Equipped with what I need to make it through the next six weeks. To get through life, quite actually.

The NLT translation says it like this:

“The Lord is my shepherd;

I have all that I need.

He lets me rest in green meadows;

He leads me beside peaceful streams.

He renews my strength.

He guides me along right paths, bringing honor to his name.

Even when I walk

Through the darkest valley,

I will not be afraid,

For you are close beside me.

Your rod and your staff

Protect and comfort me.

You prepare a feast for me

In the presence of my enemies.

You honor me by anointing my head with oil.

My cup overflows with blessings.

Surely your goodness and unfailing love

Will pursue me

All the days of my life,

And I will live in the house of the Lord forever.”

As I look back on the last three months I know God has prepared my heart for this. Through Belle’s arrival and an already upturned schedule, through myriad Jesus Calling entries that remind me over and over the importance of walking with Him, through the very sense of His presence, God is teaching me to live and walk through each day of my life moment by moment with Him. I don’t have to get through the next six weeks, I just have to get through this moment, this now, with Him. And with Him makes all the difference.

It’s the Psalm 23 way. 

The rest and the love. The protection, the provision. The goodness and the blessing. It’s not just for funerals and Hallmark cards, and it hasn’t lost its power. 

It’s for every moment of every day.

It’s for the good weeks and the bad.

It’s for those moments we know we can’t make it alone and all the moments we foolishly try to. Because whether we feel it or not every moment, every day, every week is a time when we need God. 

For life, for breath, for the beating of a heart. He is our Psalm 23 Savior and every day is a Psalm 23 day. 

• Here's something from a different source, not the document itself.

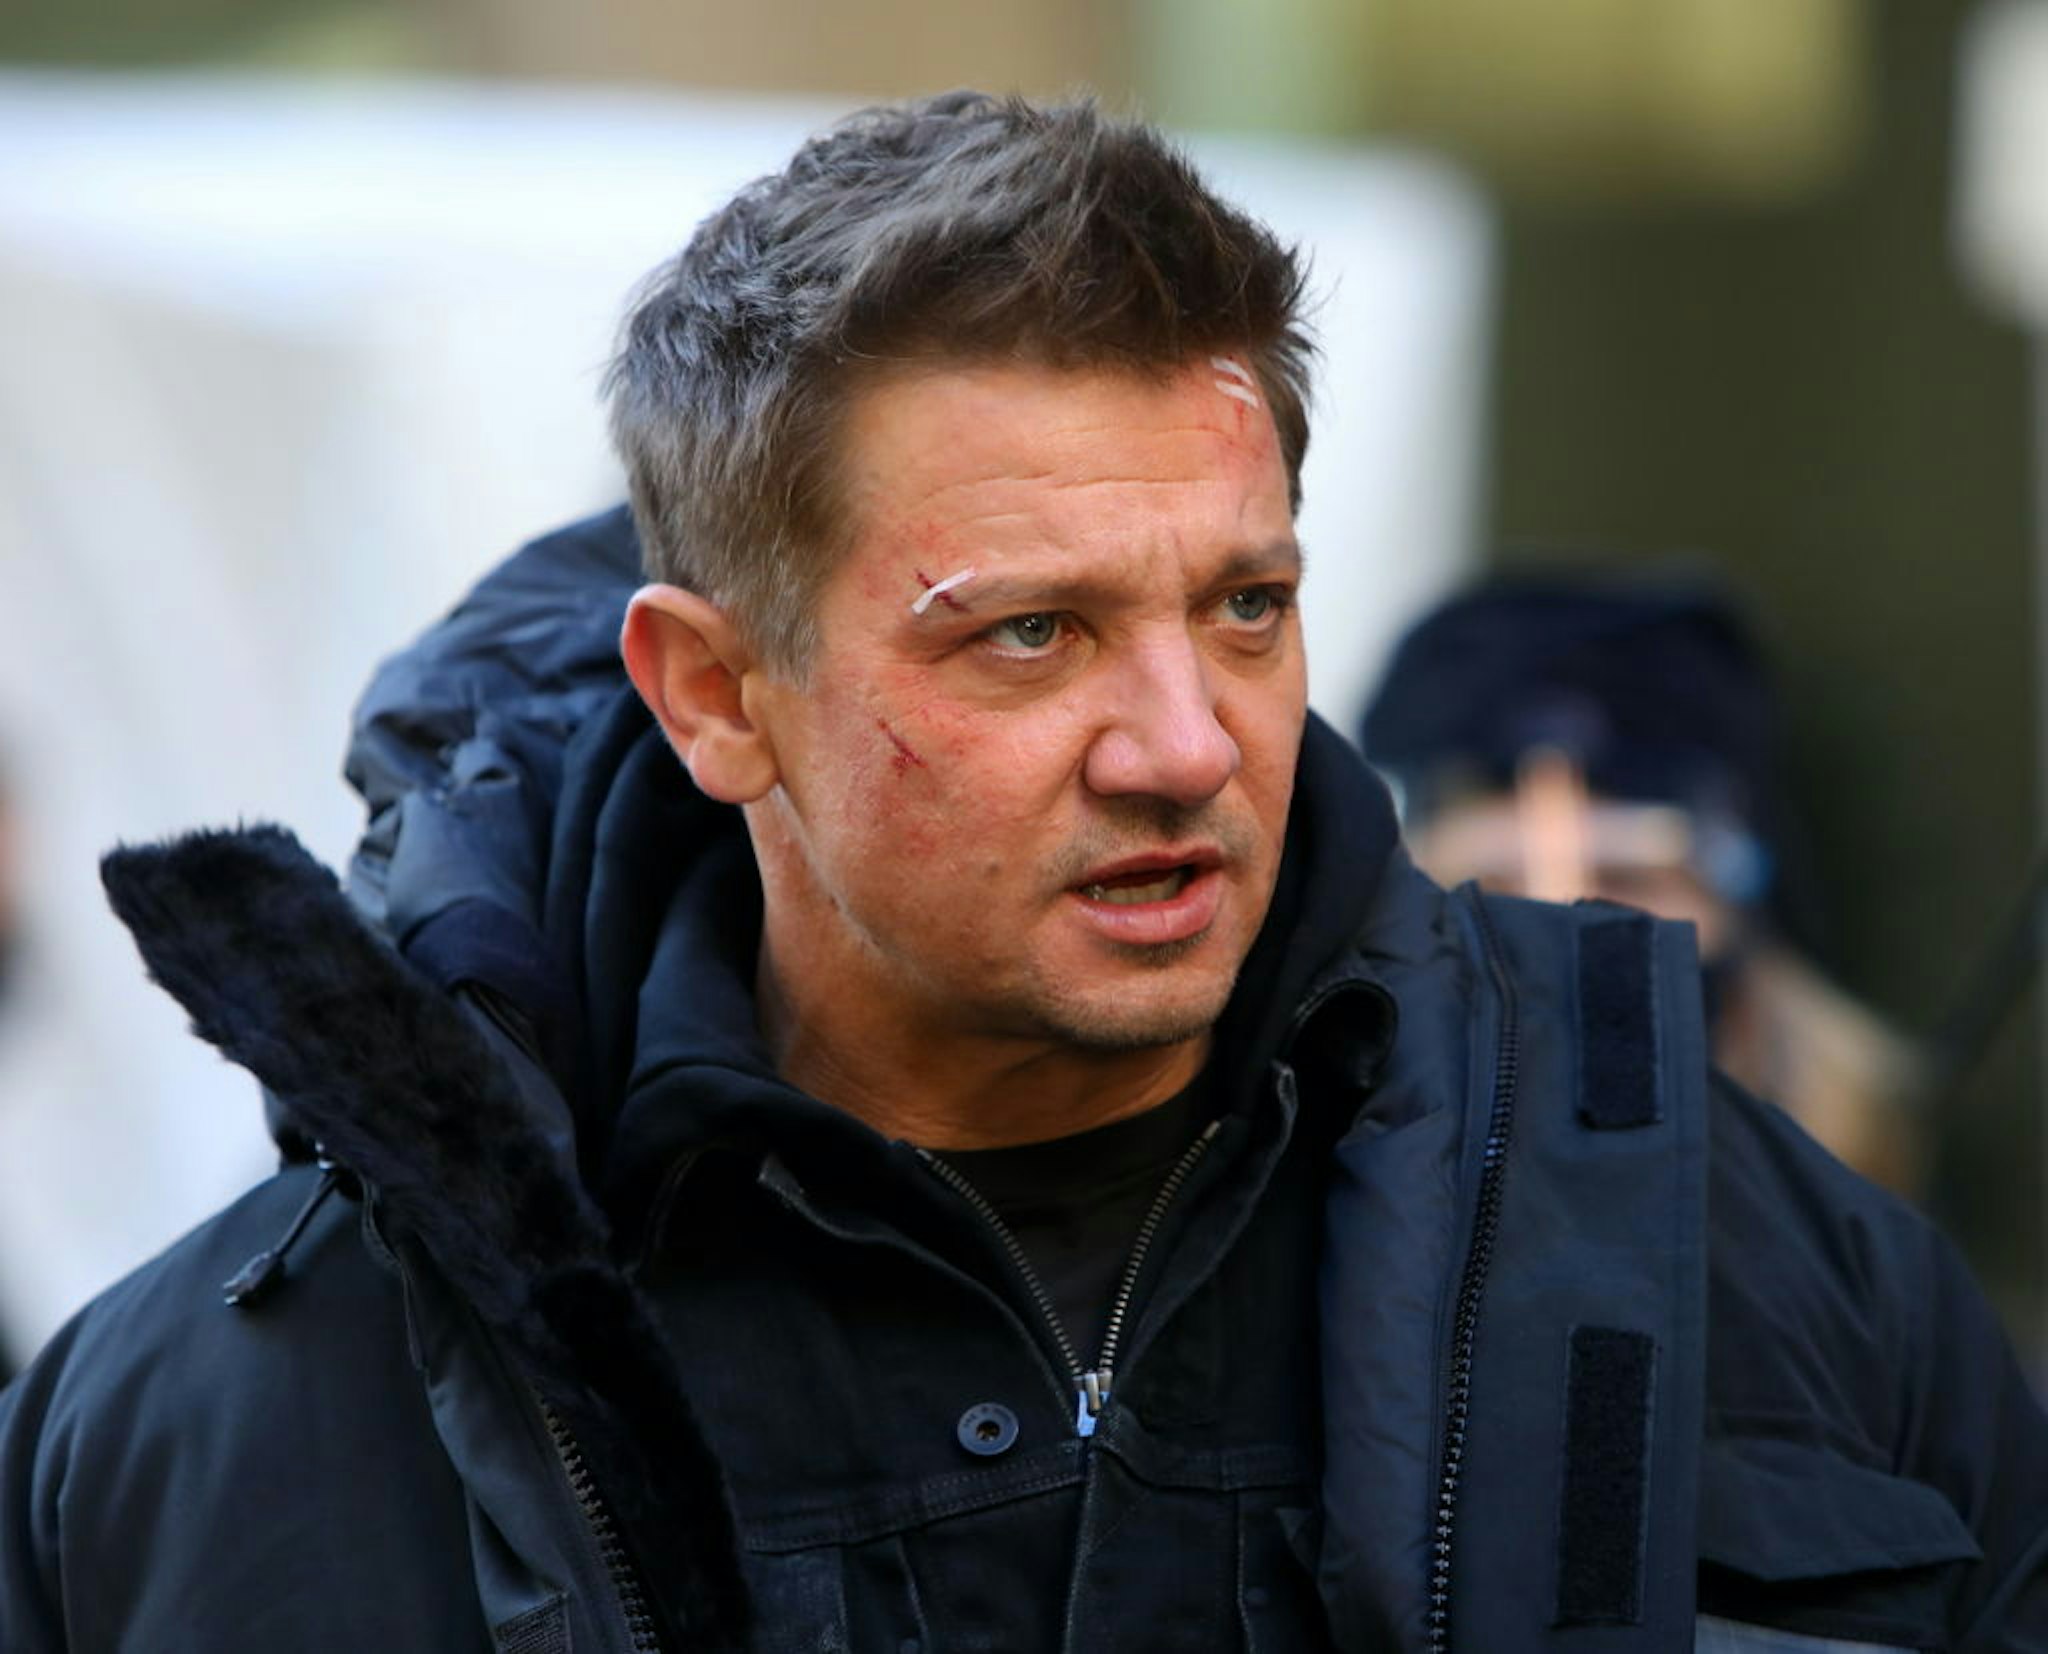 NEW YORK, NY - DECEMBER 06: Jeremy Renner is seen on set of "Hawkeye" on December 06, 2020 in New York City. (Photo by Jose Perez/Bauer-Griffin/GC Images)
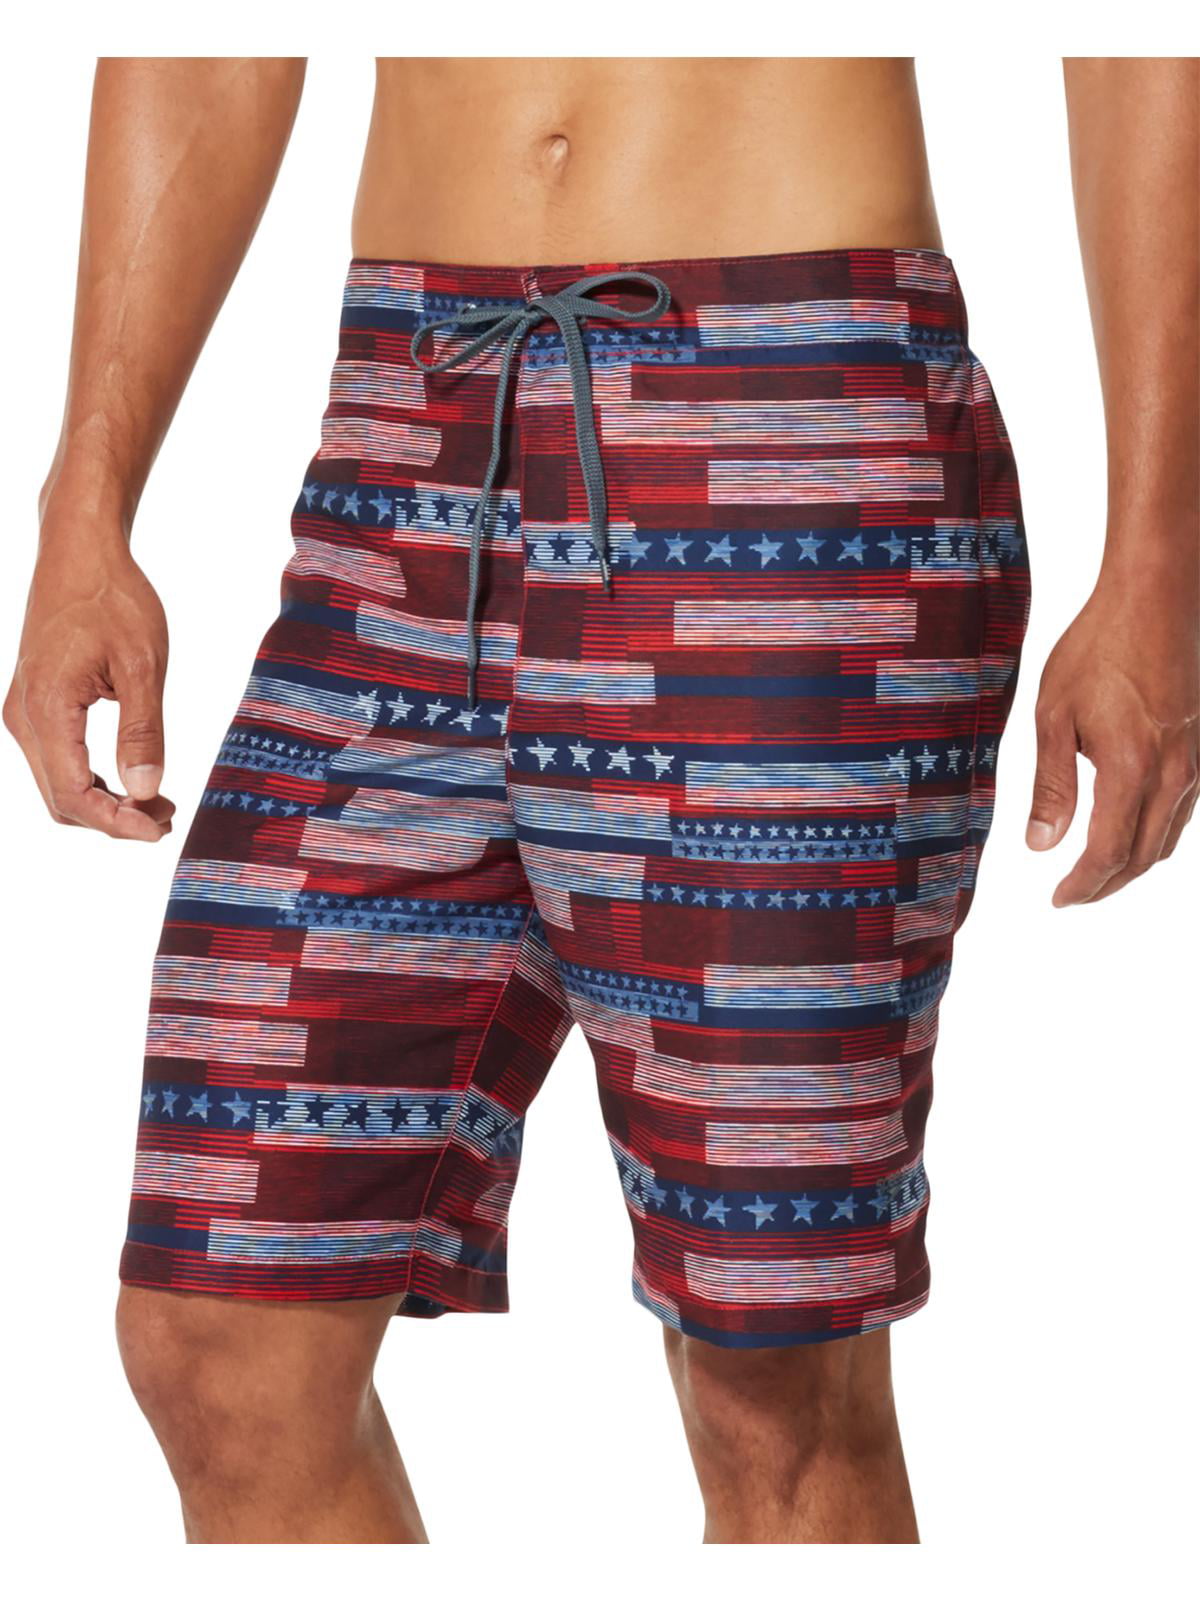 Fire Fire Wolf Mens Beach Pants Swimming Trunks Quick-Dry Boardshorts with Lining

The next few weeks will be hard. I’m not a nurse. I’m not my mom. I’m just one person in a house full of needs. 

But I’m also not alone.

I’m learning in these weeks I can’t get through…especially in these weeks I can’t get through…that no valley is too dark, no enemy is too great, no weariness too overwhelming for my Savior’s unfailing love.

The Lord is my shepherd I have all that I need…

All that I need in the crook of His arm. In the unwavering sureness of His path.

What to Do this Memorial Day: READ!

War BooksI closed the book and held it close to my chest. After three weeks immersed in the pages of Unbroken by Laura Hillenbrand I was both sad and happy for the story of Louie Zamperini to come to an end. 

When I started reading this book it wasn’t what I expected. For some reason I thought it was a fiction novel set in World War II. I realized right away this wasn’t the case. Rather than historical fiction, Unbroken is a very real account of an American POW, a biography of an American hero.

While I love historical fiction my typical reading preferences do not gravitate toward history books, particularly those that tell the gruesome details of war and the soldiers who fight them. That’s more my husband’s department, and for years I’ve been content to leave this difficult and heavy reading up to him.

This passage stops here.